Sunday, June 5, 2011

Integrating Social Networking into the Curriculum


To begin this project of integrating social network into my curriculum,  I explored some Web 2.0 social networking sites and decided to settle with Edmodo to use with my fourth graders. Edmodo is a social network Web 2.0 site for teachers and students to use efficiently in and out of the classroom. By creating a group, I am able to give my students a security code to join our private group. It’s that simple. My students will create a username with their first name last initial and their homeroom number for privacy. To make it easy on the students and I, I will assign them a password so I can help them if they forget.  The tutorials on Edmodo gave me some interesting ideas to use, but I am still unfamiliar with how to maneuver around the site to make my groups sophisticated. I may be nuts, but I am going to try to explore this site with my math students this week to see if I can work out any uncertainty before the start of the next school year. Edmodo will be a great tool to help my students learn how to communicate properly and effectively using a safe social networking site.  
Here is one way I could integrate social networking into my social studies curriculum:

My Lesson Plan and Goals:
In fourth grade we study US geography. Right now we are exploring the South with a focus on the People of the South. The lesson’s focal point is on the South’s people, past and present.  The essential question of the lesson is to discuss how African Americans in the South fought for equal rights. This lesson explores the heroic actions of Rosa Parks and Dr. Martin Luther King, Jr. Students will read about Rosa Park’s refusal to give up her seat to a white person and the resulting bus boycott that ended segregation on the city buses in 1956. Rosa Parks and Dr. martin Luther King acts of philanthropy brought their communities together for the common good and resulted in major social change in the nation. Using Edmodo, students will explain what it felt like to be a minority, and identify the relationship of individual rights and community responsibility.

Objectives:
Increase their knowledge of African Americans’ struggle for civil rights.
Practice critical thinking skills.  
Practice proper use of “netiquette” in on-line communication and demonstrate use of Internet safety precautions


Materials
1.     Book: Viola, Herman. Social Studies State and Regions. Houghton Mifflin Company, 2005.
2.     Laptop Carts- 4th and 5th Mobile Lab
3.     Smart Notebook on Lesson 5.3 People of the South
4.     Flow chart on key events in the struggle for the civil rights.
5.     Video: Civil Rights Movement on Discovery Education
6.      Edmodo accounts
7.     Rubric Evaluation:

Beforehand:
Take away 5 to 8 of the desks and put them on the side of the room so the students cannot sit in them. Blue eye and green students will be the "minority" group and all other students will be the "majority" group. The majority group will be instructed to sit in the front of the room while the blue and green eye students need to go to the back of the room. Teacher will begin reviewing material for about five minutes. Teacher will include pictures that only the front rows will be able to see and require the students to write on a piece of paper, such as taking notes.

Pre-Reading Activities:
1.     As the students come in, tell the blue and green-eyed students (or whatever you choose as minority) to sit anywhere in the back two rows. Then tell all the other different eye colored  (majority) to sit wherever they want in the front rows, but not in the back two. Make sure you have less "minorities" than "majorities", but enough "minorities" so that there are at least two minorities that get a desk. As the desks fill up and there is no more room, make the blue and green eye students give their seats to the other eye colored students. Have the blue and green eye students stand in the back of the room behind the desks. After all the students are in the classroom, inform students that you are going to review material that will be on unit test. Tell the students to take notes, but students in the back of the room must stand and write. Start teaching, speaking softly and showing material on note cards down low to the front rows, tell the students the information may be on a test.

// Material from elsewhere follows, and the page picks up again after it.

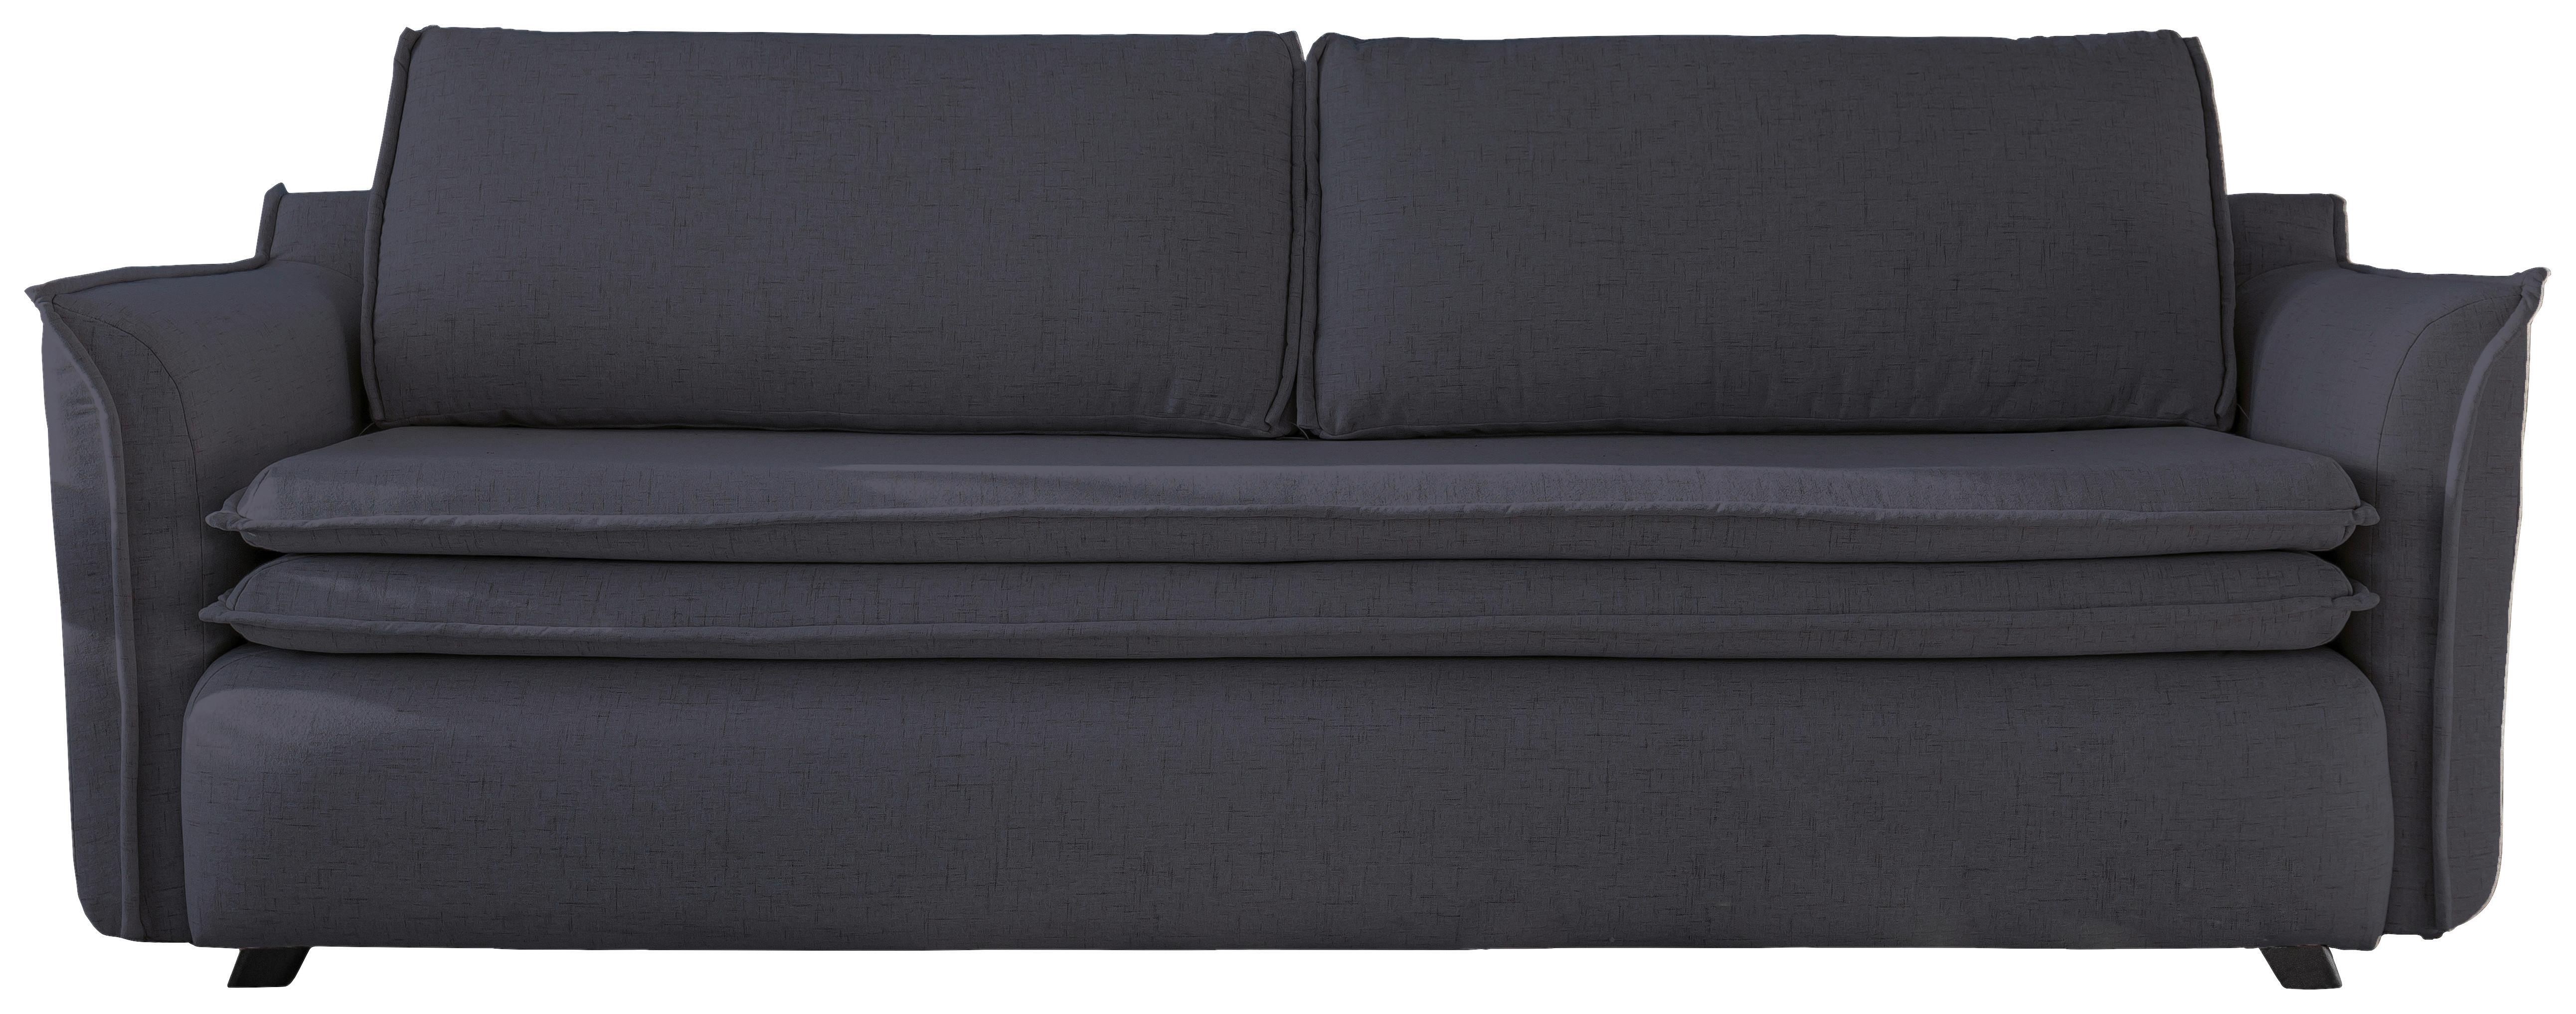 3-Sitzer-Sofa mit Schlaffunkt. und Bettkasten Charming Charlie - Anthrazit/Schwarz, Basics, Textil (225/85/90cm) - MID.YOU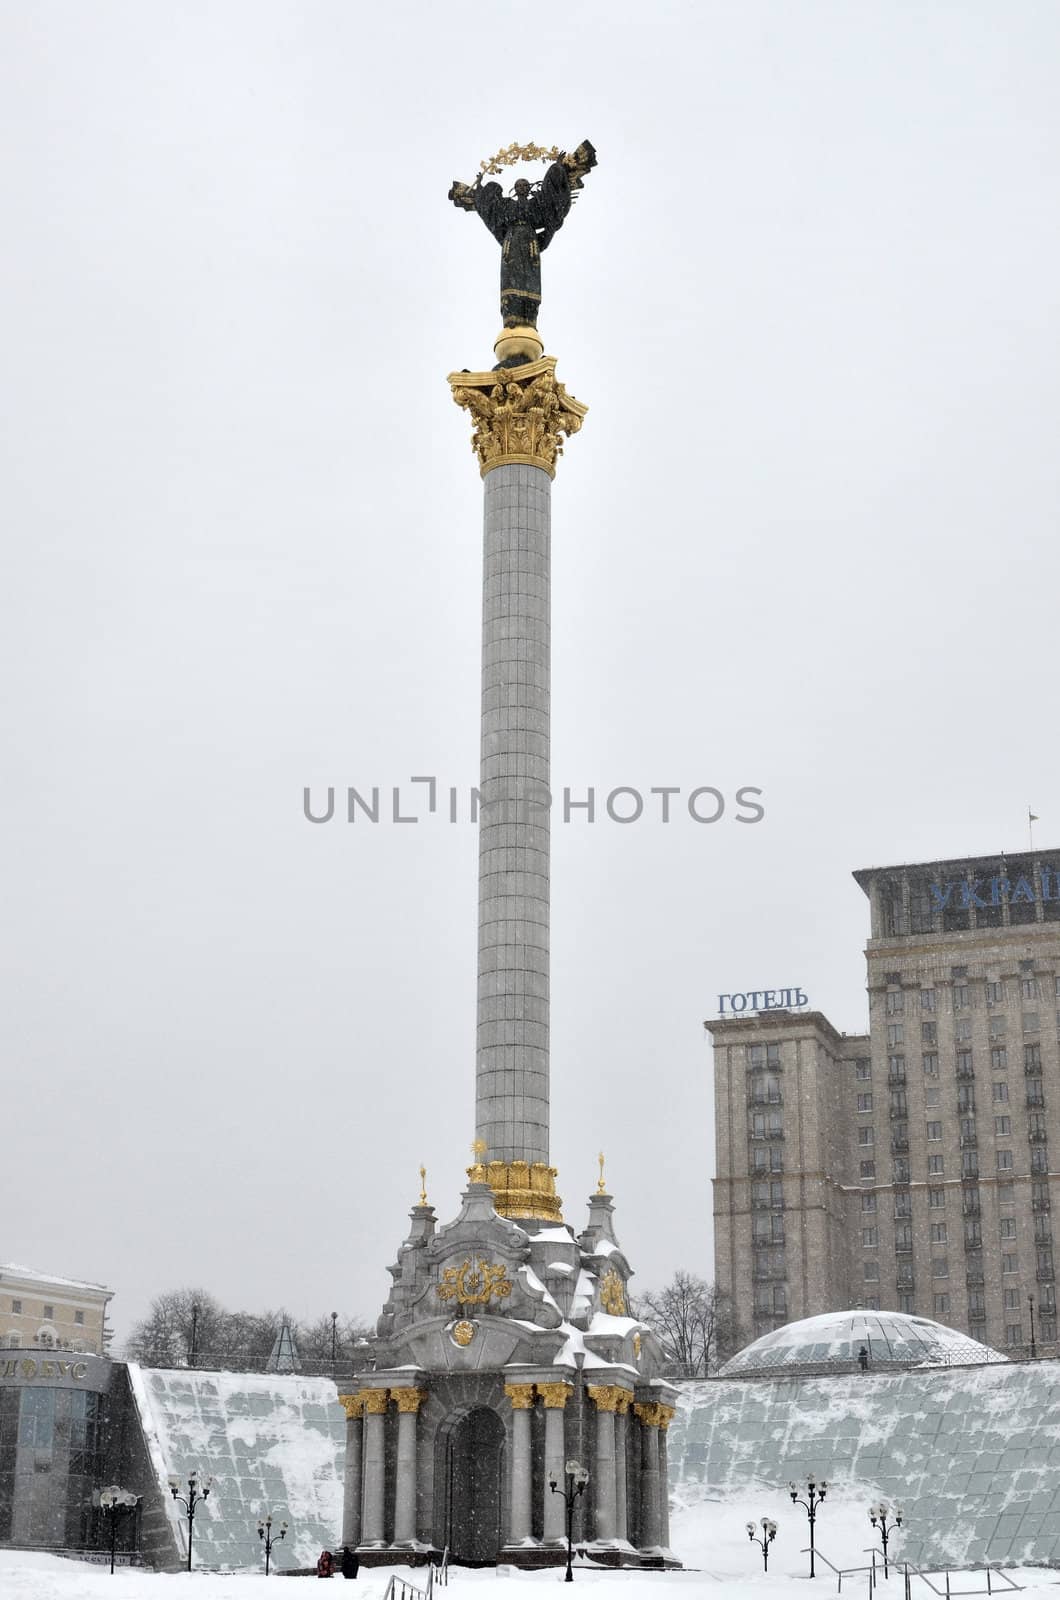 Kiev in the winter by DNKSTUDIO

2.     After five minutes, inform students that this was a pretend lesson and that it actually has to do with your real lesson. Rearrange the room back to its normal setup. Explain to the students that this is what it felt like to be a minority. Today we are going to learn about a woman named Rosa Parks. She was a victim of racism because she was a minority. Back in the early 1900s not many people had cars, so they had to take the bus. However, black people had to sit in the back and if a white person got on and there were no seats left, the black person had to give up their seat and get off the bus. Ask the students if they think this is fair. Ask how they felt being excluded from the majority group. Have the students login into their Edmodo accounts and reflect about this experience from their perspective of the activity (minority or majority) and then how they think the other group felt. Make an original post answering the questions and comment on two of your peers’ responses. 
  Reading:
Students will read the passage about civil rights and progress in their social studies book, Social Studie States and Regions, with their small table groups. While students read, they will create flow chart of key events in the struggle for civil rights. Demonstrate the beginning of the flow chart by reading the first paragraph and putting the information from it onto the flow chart using the Smart Notebook, 5.3 People of the South. 
Post Reading:
Watch video Civil Rights Movement Equality.  After video, review flow chart together as a class using the Smart Notebook. 
  Evaluation:
After reading and watching video, hold another discussion on Edmodo. Students will post their solutions and respond to at least two other students agree or disagree with their peer’s responses.
                        -What are some ways that African-Americans were treated unfairly through segregation?
                        -How was the Montgomery Bus Boycott helpful in creating equality for African-                                 Americans?
                        - Dr. King believed we should all be peaceful. How do you think it felt to be Rosa Parks    on the  bus? Rosa Parks did not yell or argue with the man who asked for her seat. Instead, she just said  “no.” Can you think of ways to stay calm even when people are treating you badly?